Bienen received her B.A. from Princeton University and her M.F.A. from the University of Iowa Writers’ Workshop. She acquired her D.V.M from Tufts University Cummings School of Veterinary Medicine. As a veterinary student, she was one of the founding investigators of a large-scale, ongoing research project at Tufts University about a national plan of rabies control for Nepal. She worked for seven years at Kaiser Permanente Northwest’s Center for Health Research. She was a co-investigator on the Bighorn Sheep Disease project and has researched, written about several bat viruses transmissible to humans, and sampled livestock in Nepal for bovine brucellosis and tuberculosis. Bienen helped create a website to share the findings and methods of the study. She taught at the University of Iowa, and Chulalongkorn University in Thailand, and has traveled to China, Japan, Nepal, Thailand, Indonesia, Africa, Mexico, New Zealand, and Australia. 

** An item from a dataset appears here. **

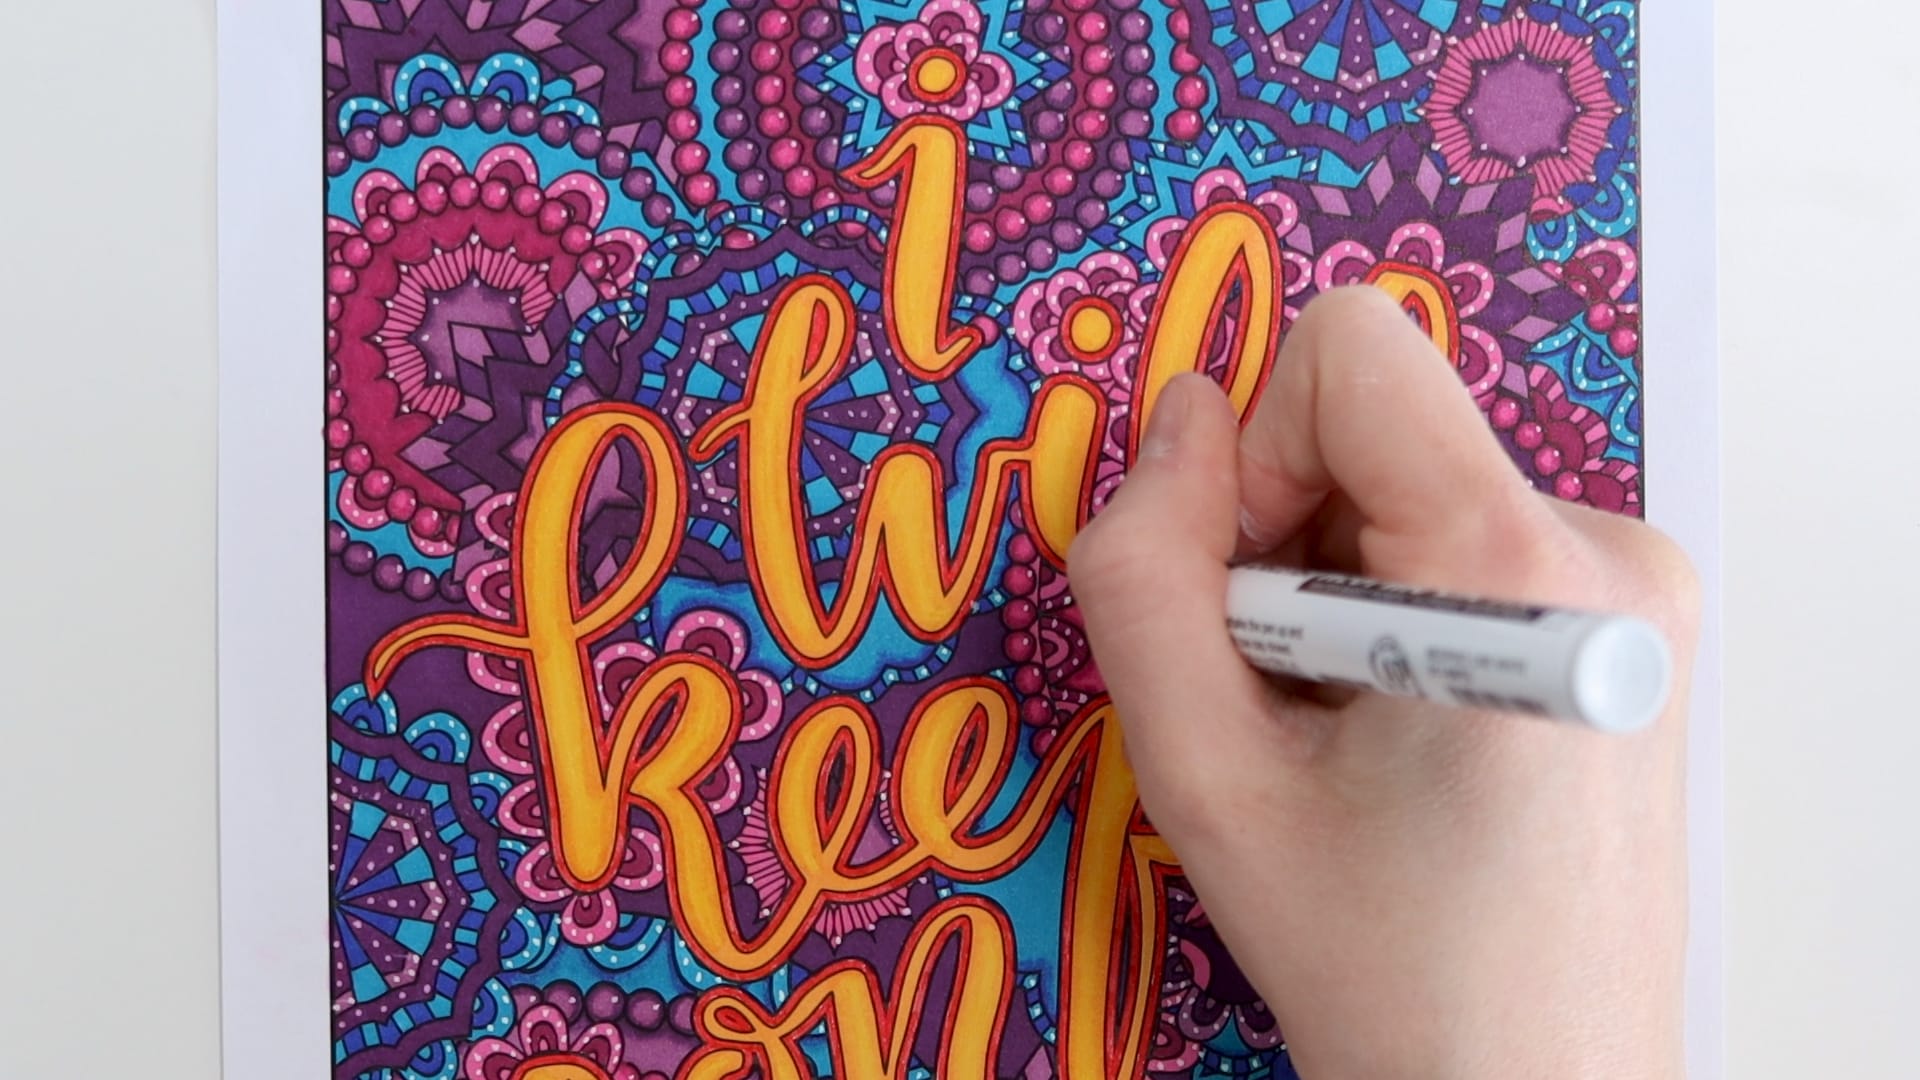 How to Use a White Gel Pen: 10 Tips For Beginner Artists

Bienen lives in Portland, Oregon, and teaches primarily undergraduate courses at OHSU-Portland State University School of Public Health including Global Health and Consumer Health. She is the pilot program coordinator for PSU’s BUILD EXITO program, an undergraduate research training program that supports students on their pathway to becoming scientific researchers and aims to increase diversity in the biomedical workforce. Her own research focuses on conservation medicine and on zoonotic disease transmission to understand the interaction between human health, environmental changes, and the health of nonhuman species. Bienen is one of the founders of C3 Science Communication, created in 2011. C3 aims to help scientists obtain funding, publish papers, develop recruitment materials, disseminate findings, and get research into classrooms.